__Exercise directions__:
Type out the listing below exactly. Pictures stay out of it.

__Given material__:

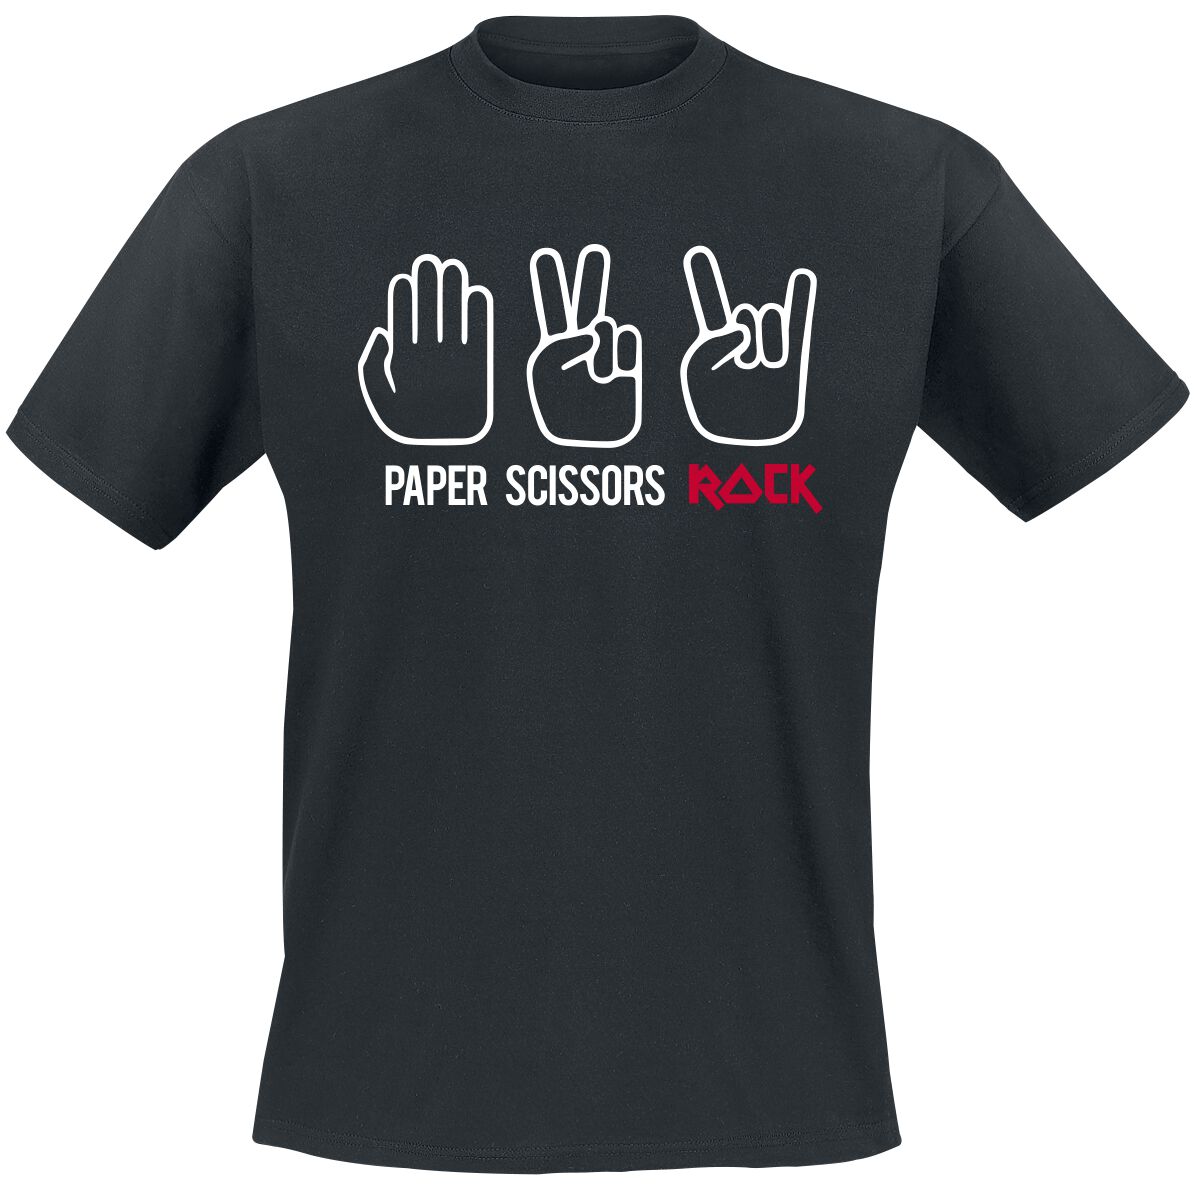 Sprüche T-Shirt - Paper Scissors Rock - S bis 3XL - für Männer - Größe 3XL - schwarz
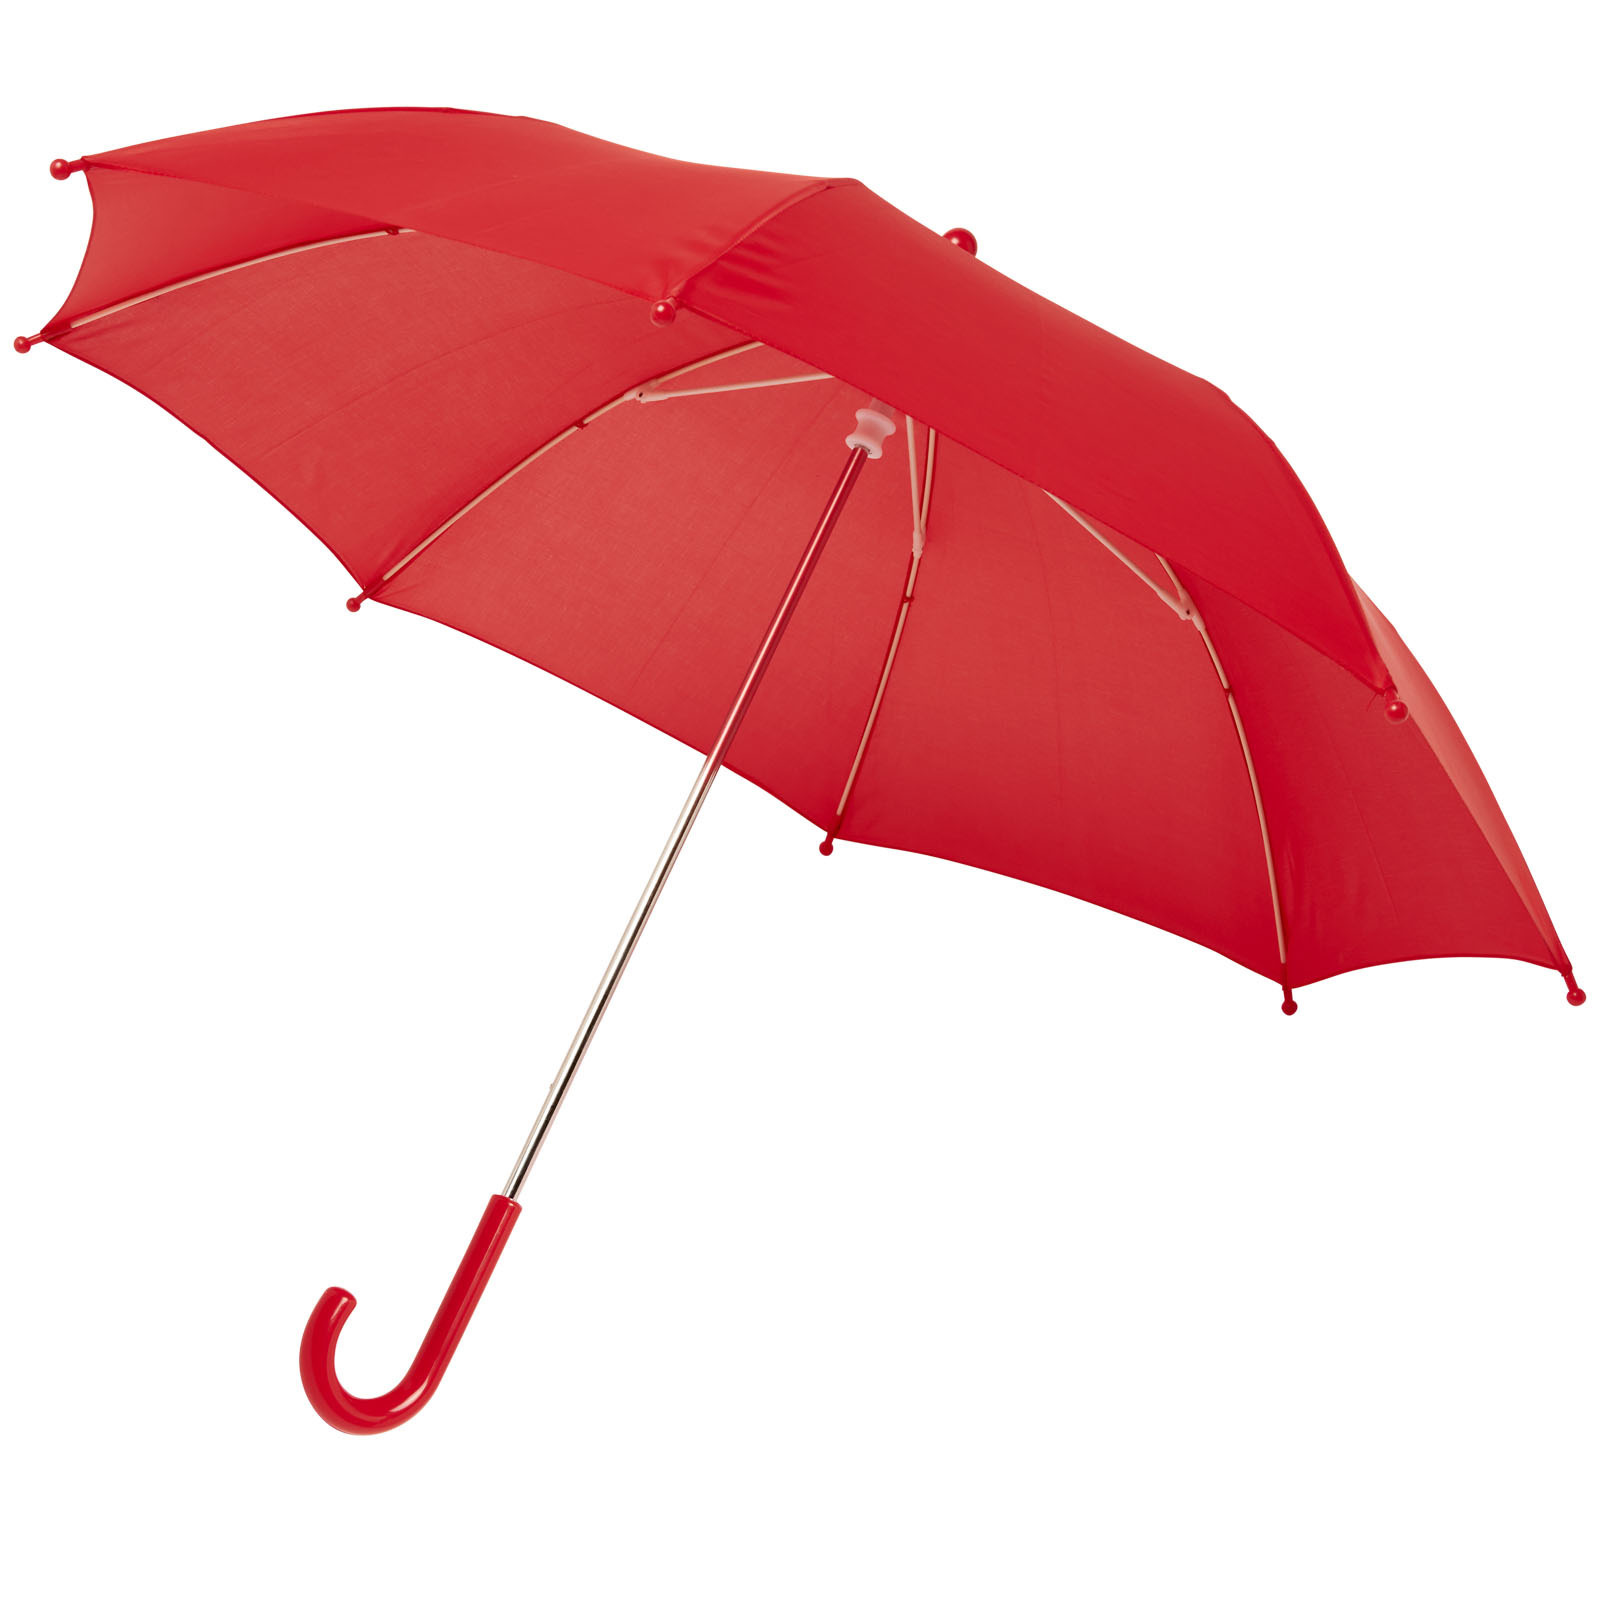 Rode storm paraplu voor kinderen van 77 cm doorsnede stormproof
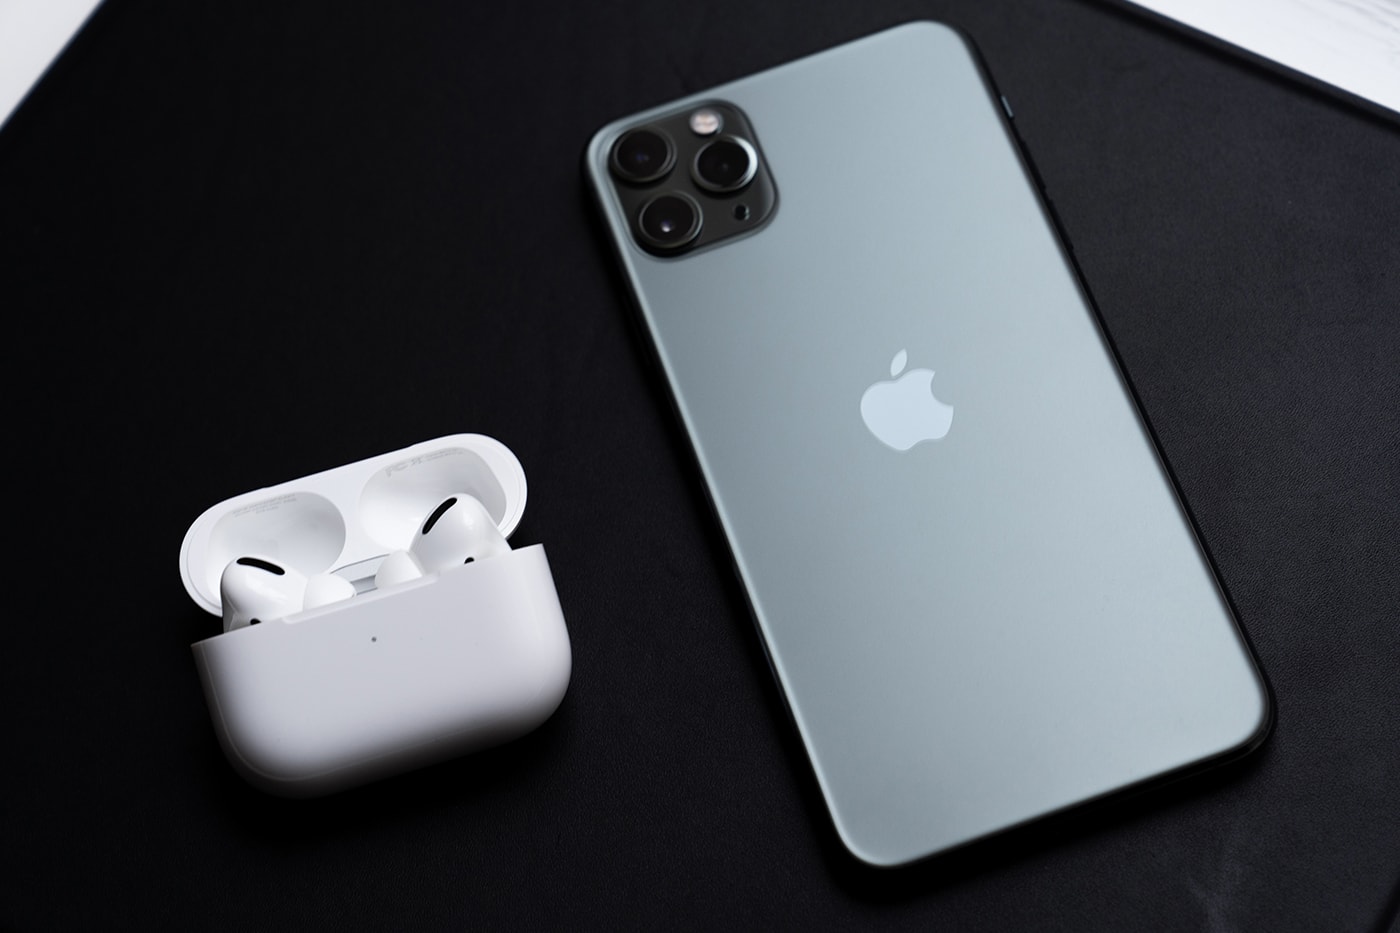 애플 에어팟 프로 실물 이미지 공개, 노이크 캔슬링, 커널형 이어폰, 아이폰 11

__Answer section__:
 Sprüche T-Shirt - Paper Scissors Rock - S bis 3XL - für Männer - Größe 3XL - schwarz
 Rode storm paraplu voor kinderen van 77 cm doorsnede stormproof
 애플 에어팟 프로 실물 이미지 공개, 노이크 캔슬링, 커널형 이어폰, 아이폰 11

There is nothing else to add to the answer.